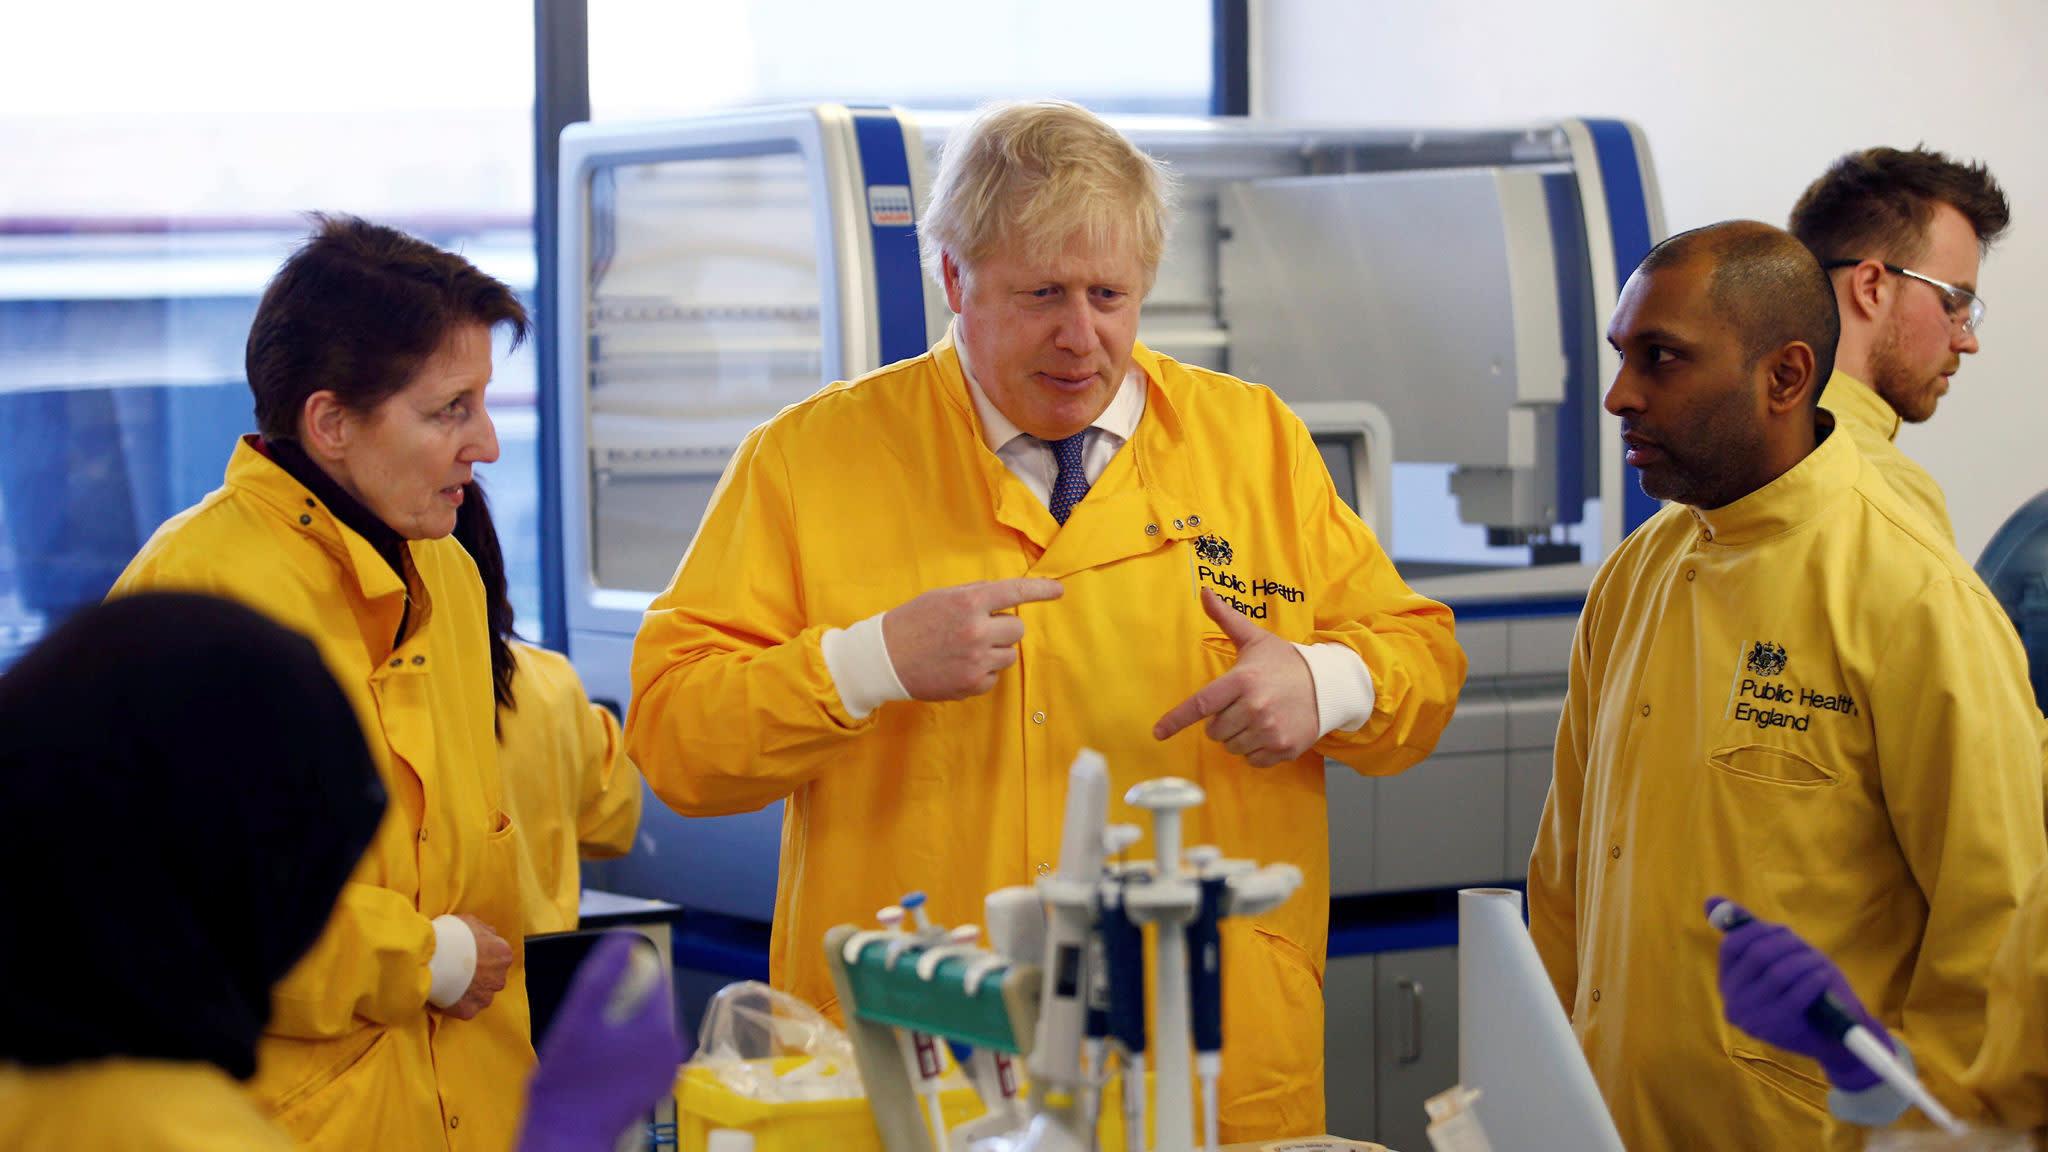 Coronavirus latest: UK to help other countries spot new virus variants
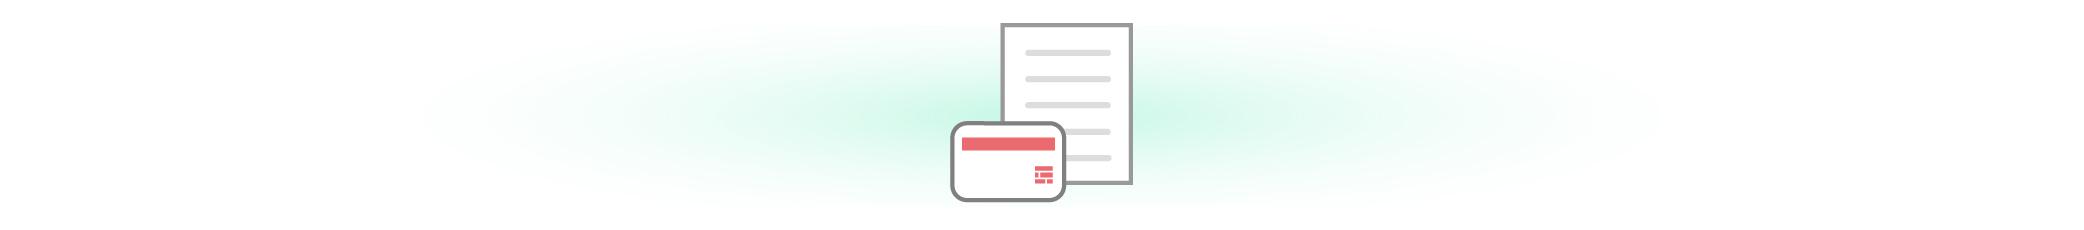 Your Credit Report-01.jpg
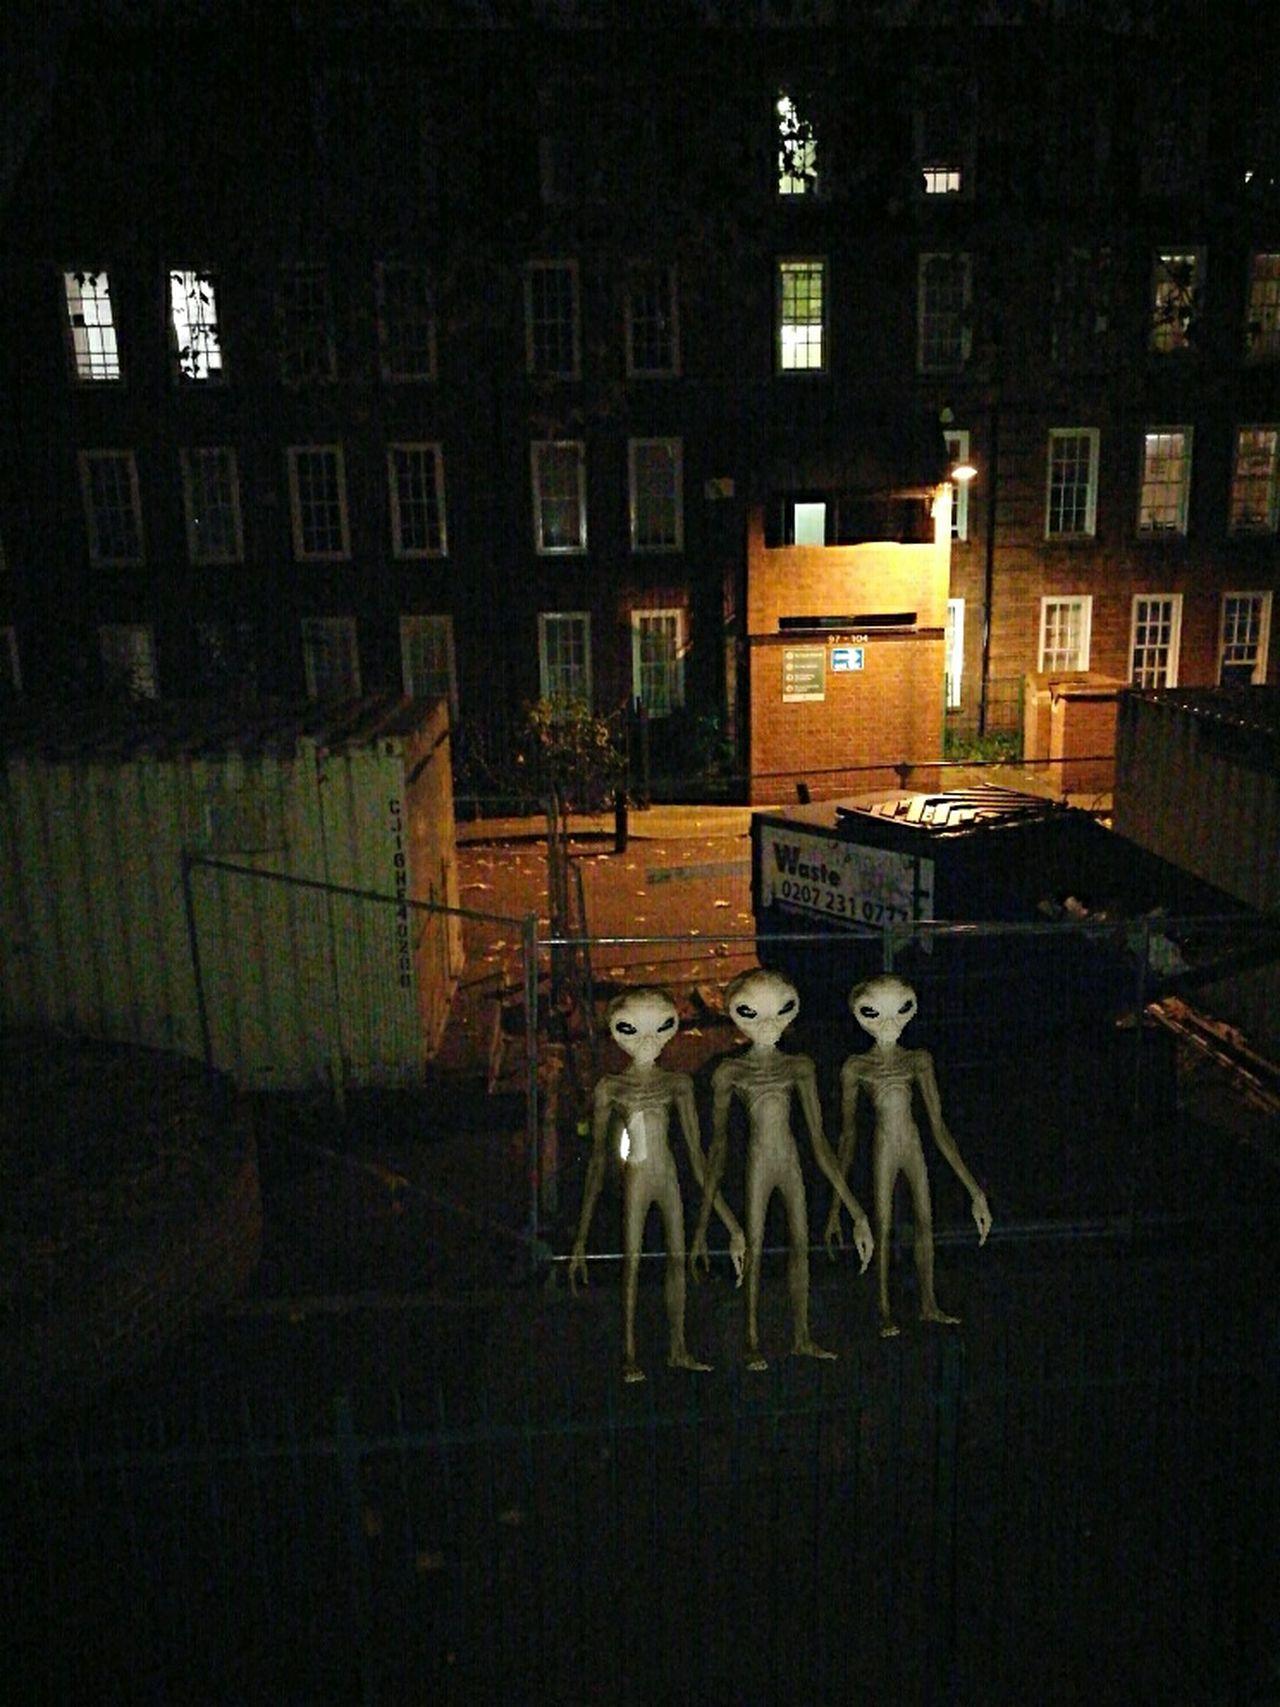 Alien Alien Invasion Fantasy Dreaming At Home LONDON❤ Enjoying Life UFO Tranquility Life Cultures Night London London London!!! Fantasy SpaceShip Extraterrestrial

ACTIVITY -> Output, exactly and without pictures, the span of lines that starts at the line containing "Your Credit Report-01.jpg" and ends at the last line above.

FINISHED EXERCISE ->
 Your Credit Report-01.jpg
 Alien Alien Invasion Fantasy Dreaming At Home LONDON❤ Enjoying Life UFO Tranquility Life Cultures Night London London London!!! Fantasy SpaceShip Extraterrestrial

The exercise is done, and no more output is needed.